Note that when the hips are fully abducted, the contractile force of the tensor fascia lata and gluteus medius is far less, because these muscles are shortened almost completely. At this point it becomes necessary to engage the hamstrings and use the hands to draw the feet closer to the pelvis and the knees closer to the floor. The gluteus medius, tensor fascia lata, and gluteus maximus (the fibers that attach to the iliotibial band) act together to provide that extra inch of abduction in the pose. (The iliotibial band is a fibrous ribbon-like tendon that runs from the upper thigh to just below the knee. Both the tensor fascia lata and the gluteus maximus insert onto it. It abducts the hip and stabilizes the knee.)
STEP 3 Flex the elbows by contracting the biceps and brachialis muscles. This draws the heels closer to the pelvis. Then engage the muscles described in Steps 4 and 5.
STEP 4 Draw the shoulders down the back with the lower trapezius and retract the shoulder blades toward the spine, using the rhomboids. Note how this expands the chest forward and, with the hands holding the feet, brings the heels closer to the pelvis. Combine this action with extending the back, as described in Step 5.
STEP 5 Activate the erector spinae and quadratus lumborum muscles to sit straight and tall.
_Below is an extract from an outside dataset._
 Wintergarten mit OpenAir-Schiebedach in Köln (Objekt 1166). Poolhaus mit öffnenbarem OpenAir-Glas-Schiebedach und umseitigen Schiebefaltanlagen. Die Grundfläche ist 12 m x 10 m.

Engaging these muscles transmits a force to the hands, which hold the feet, and draws the feet closer to the pelvis, increasing the stretch of the adductor group on the inner thighs. Note that arching the lower back also tilts the pelvis forward, pulling on the hamstrings at their attachment on the sitting bones and drawing the lower legs in closer to the thighs.
SUMMARY All of these interrelating subplots of the pose combine to stretch the adductor muscles on the inner thighs and the fibers of the gluteus medius, gluteus minimus, and tensor fascia lata that internally rotate the hips. Remember to balance this stretch by returning to Dandasana after the pose, and feel how practicing Baddha Konasana improves your Dandasana.